(Data begins)
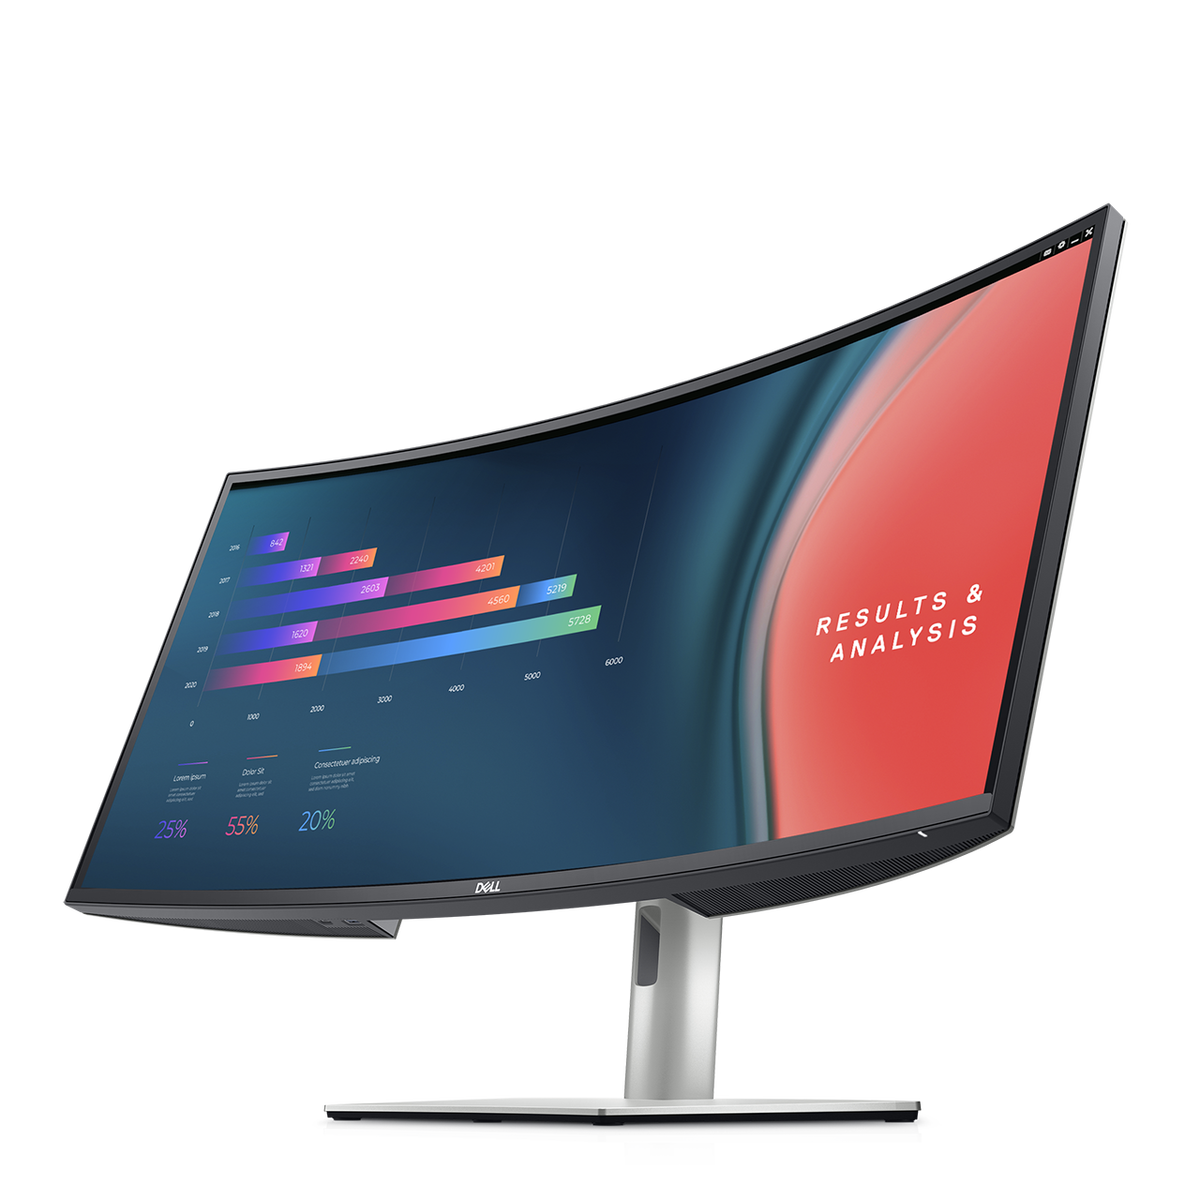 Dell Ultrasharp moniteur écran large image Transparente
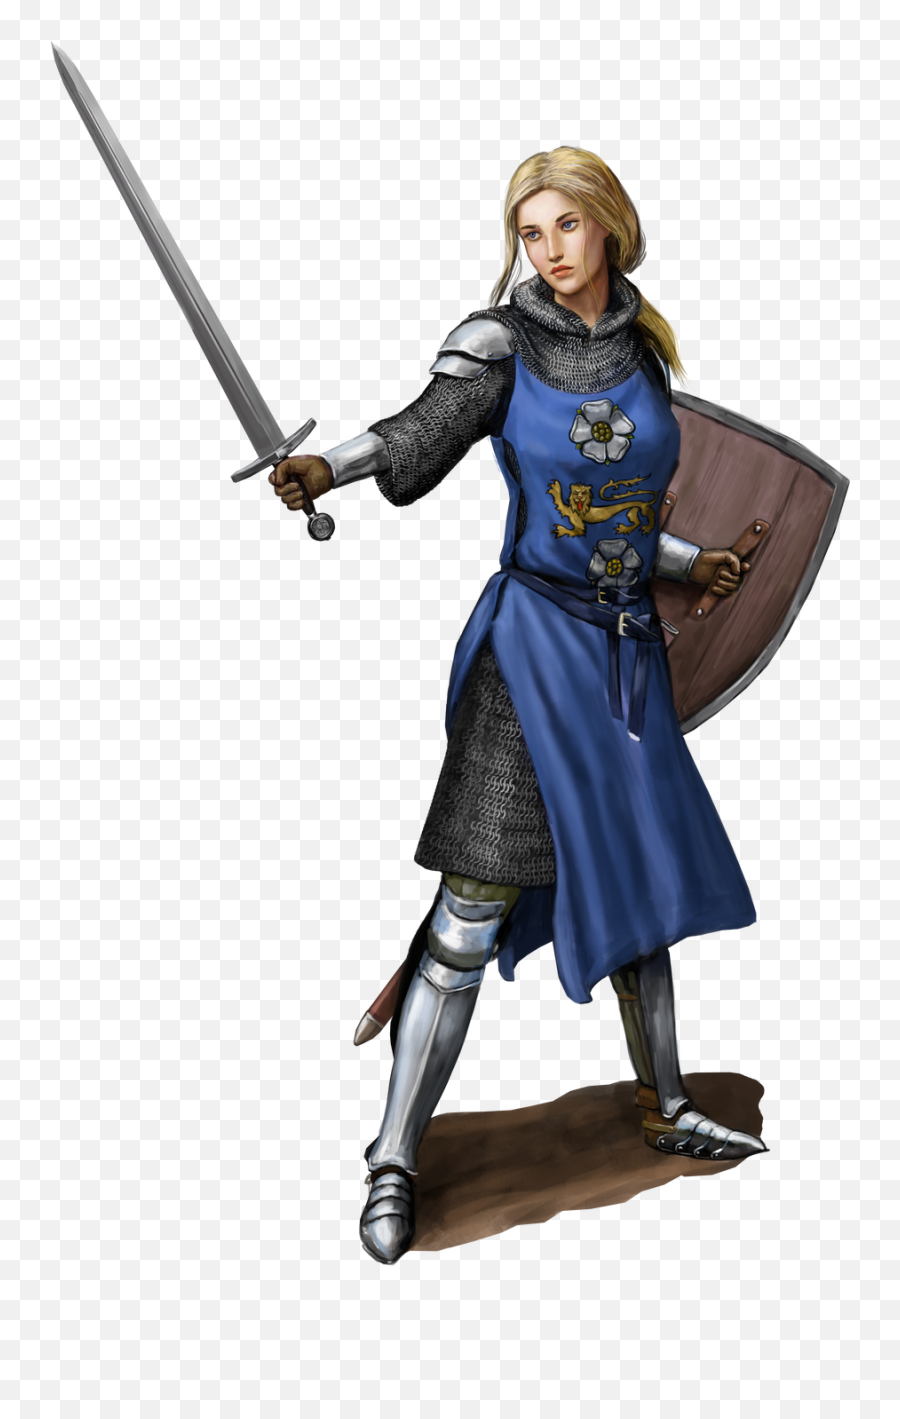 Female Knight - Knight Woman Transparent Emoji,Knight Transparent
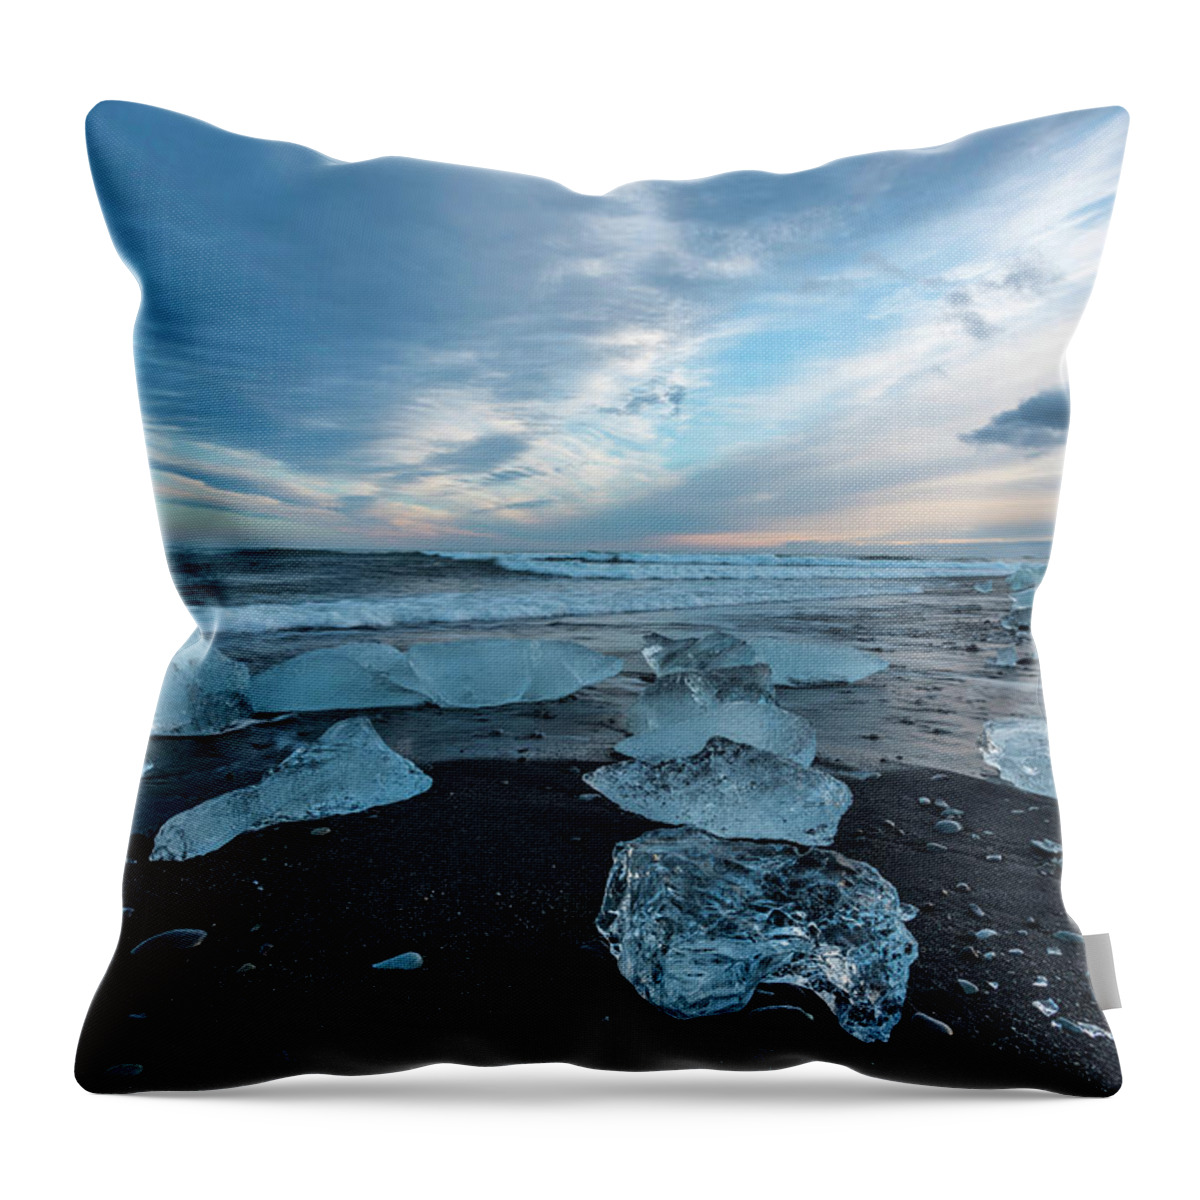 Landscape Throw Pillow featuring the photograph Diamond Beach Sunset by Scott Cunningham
(Data ends)
Task brief
A word-for-word copy of the listing is the goal; keep every picture out of it.

Reply to the exercise
 Dell Ultrasharp moniteur écran large image Transparente
 Female Knight - Knight Woman Transparent Emoji,Knight Transparent
 Landscape Throw Pillow featuring the photograph Diamond Beach Sunset by Scott Cunningham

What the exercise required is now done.